28.set.2021 - Movimentação de consumidores nos arredores da rua 25 de março, em São Paulo, região tradicional de comércio popular - Cris Faga/Estadão Conteúdo
28.set.2021 - Movimentação de consumidores nos arredores da rua 25 de março, em São Paulo, região tradicional de comércio popular Imagem: Cris Faga/Estadão Conteúdo

Daniela Amorim

Rio

14/12/2021 10h18Atualizada em 14/12/2021 10h55

A queda de 1,2% no volume de serviços prestados no Brasil em outubro ante setembro fez o setor de serviços diminuir a distância em relação ao nível pré-pandemia. Em outubro, os serviços funcionavam em patamar 2,1% superior ao de fevereiro de 2020, antes do agravamento da crise sanitária.

Em agosto, essa distância era de 4,1%. Em setembro, de 3,3%. Os dados são da Pesquisa Mensal de Serviços, do Instituto Brasileiro de Geografia e Estatística (IBGE).

Em outubro, os transportes passaram a operar 4,7% acima do nível pré-pandemia, de fevereiro de 2020, enquanto os serviços prestados às famílias ainda estavam 13,6% abaixo.

Os serviços de informação e comunicação estão 7,9% acima do pré-pandemia, e o segmento de outros serviços está 5,1% aquém. Os serviços profissionais e administrativos estão 3,7% abaixo do patamar de fevereiro de 2020.
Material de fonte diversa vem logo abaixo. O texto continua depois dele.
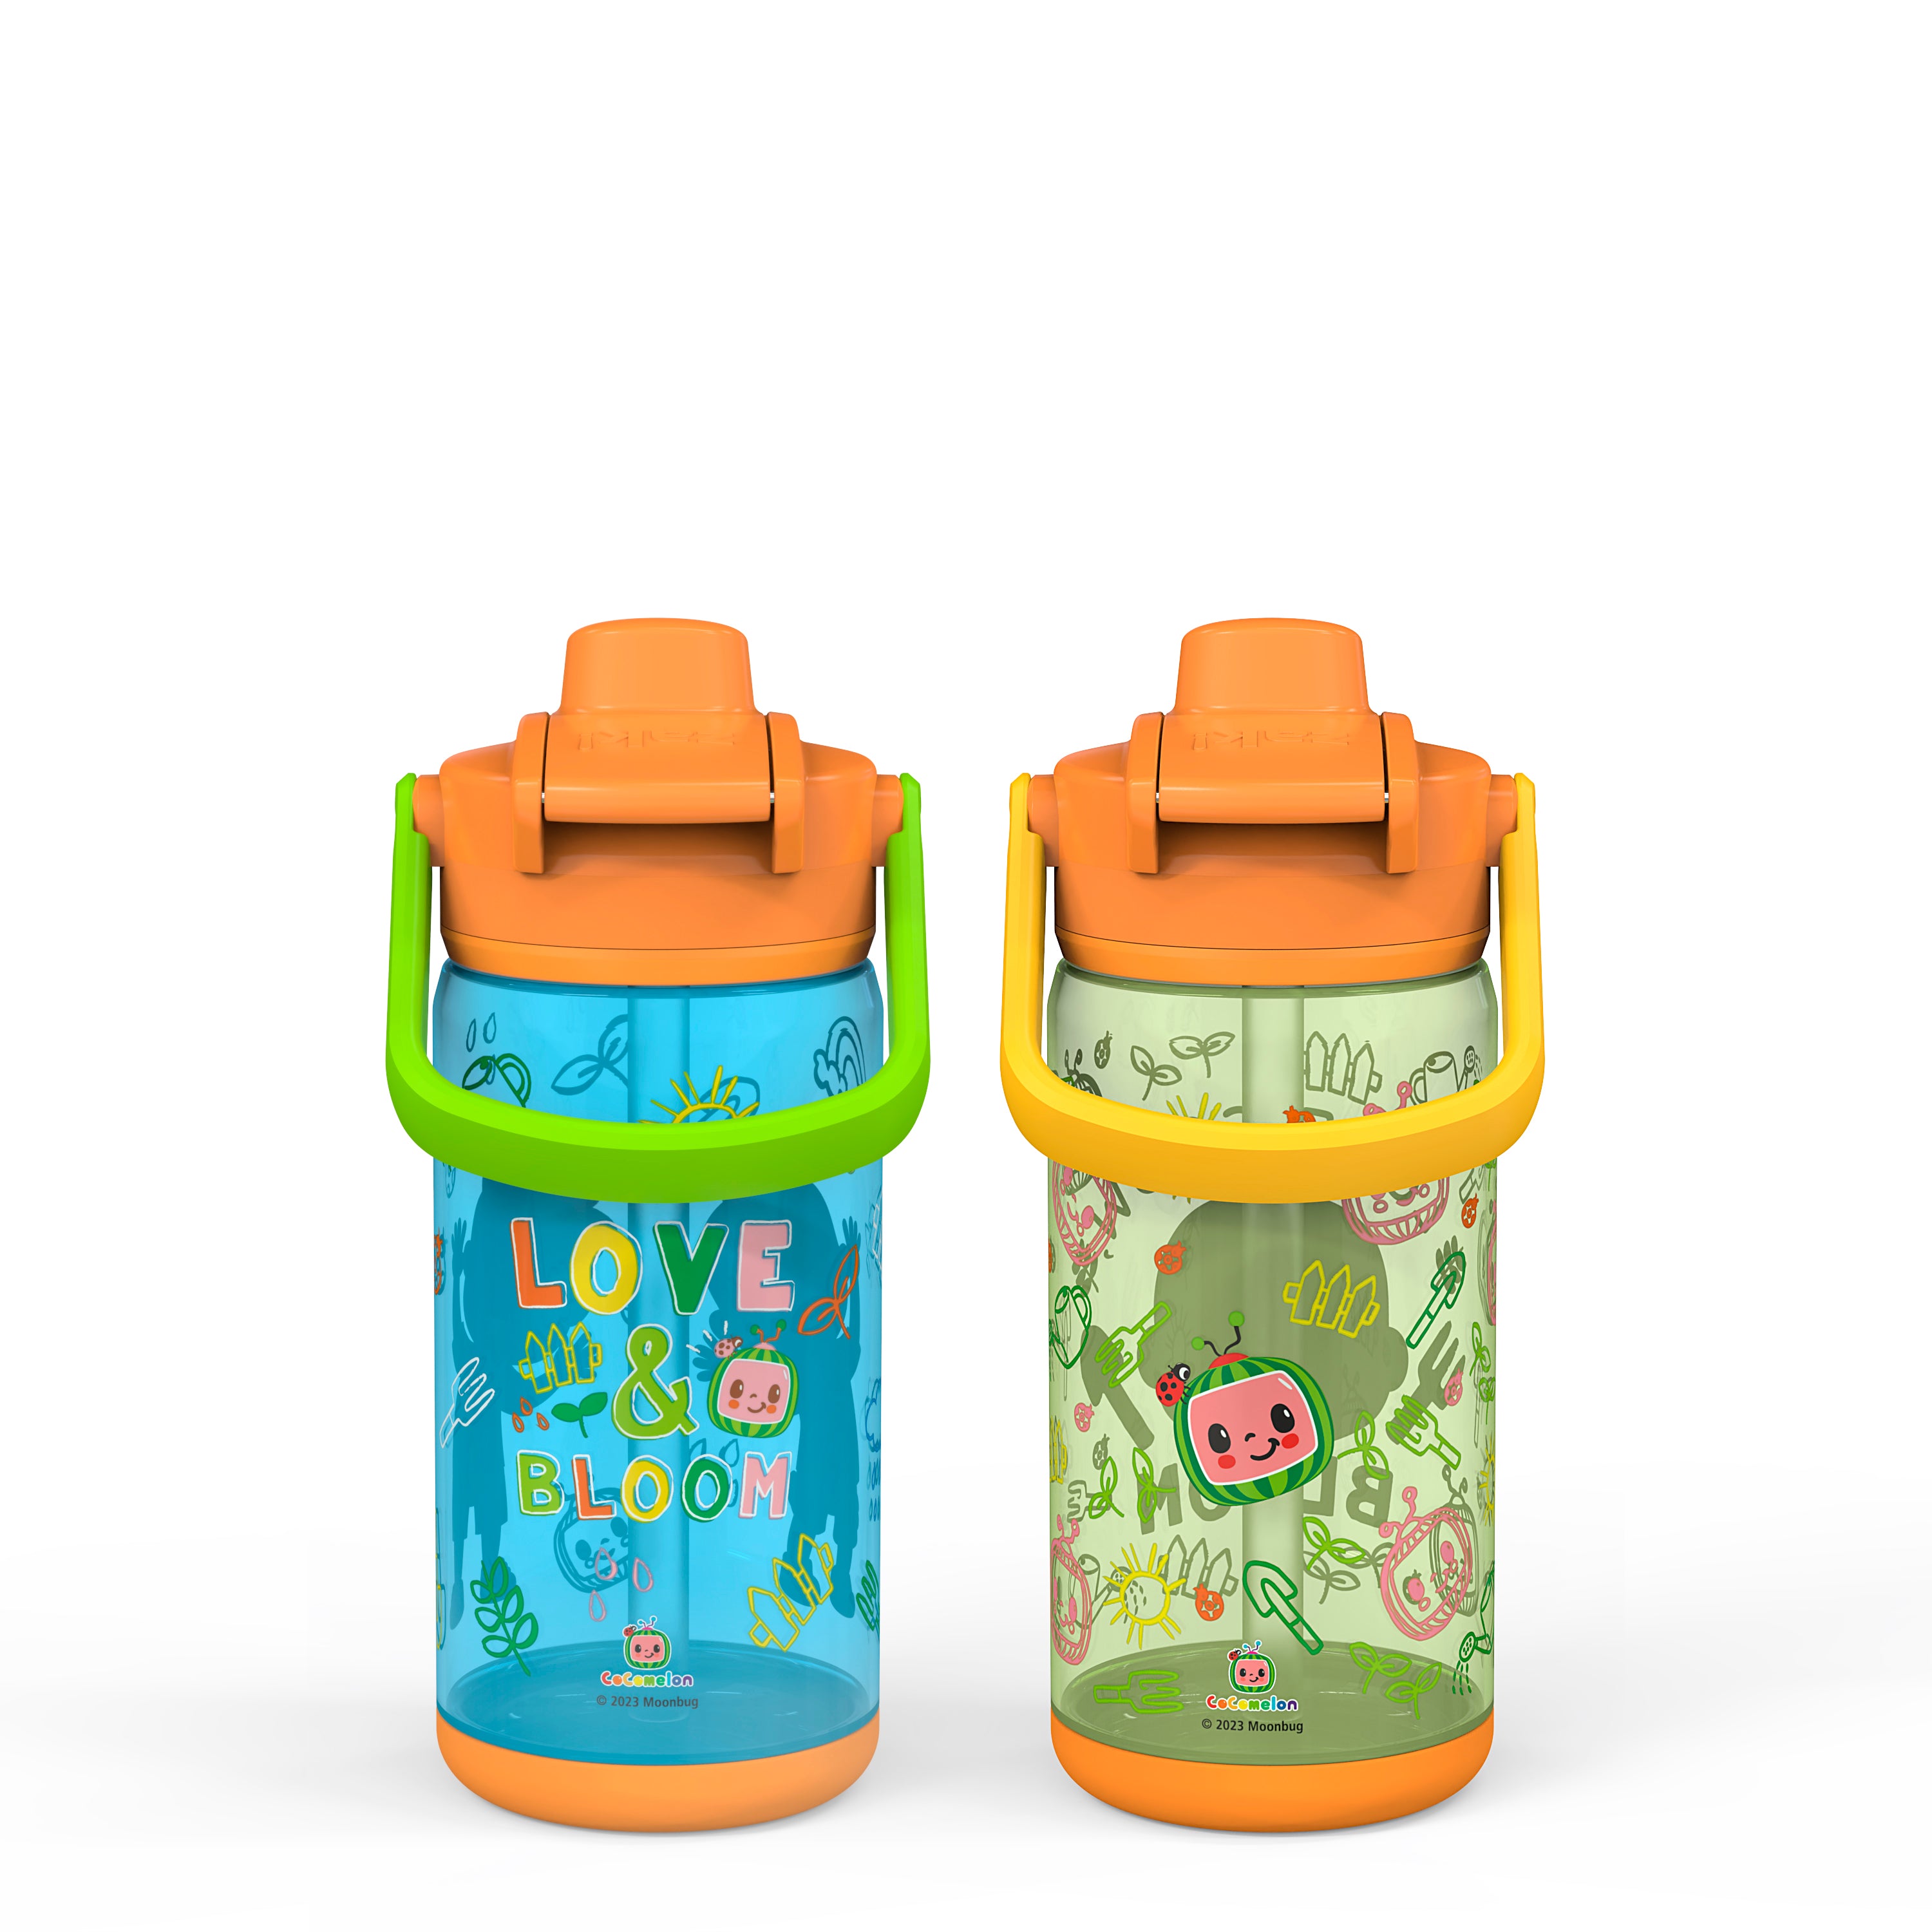 Disney Princess Beacon 2-Piece Kids Water Bottle Set with Covered

Serviços operam 9,3% abaixo do pico registrado em 2014

O setor de serviços ainda operava em outubro 9,3% abaixo do ponto mais alto registrado em novembro de 2014, segundo os dados do IBGE.

Os serviços prestados às famílias estavam 23,9% abaixo do pico de outubro de 2013, enquanto os serviços de informação e comunicação operavam 2,5% aquém do ápice, registrado em agosto de 2021.

Os serviços profissionais, administrativos e complementares estavam 23,3% abaixo do ápice de junho de 2013, e os Transportes funcionavam 9,2% aquém do pico de fevereiro de 2014.

O segmento de outros serviços estava 15,5% abaixo do auge de janeiro de 2012.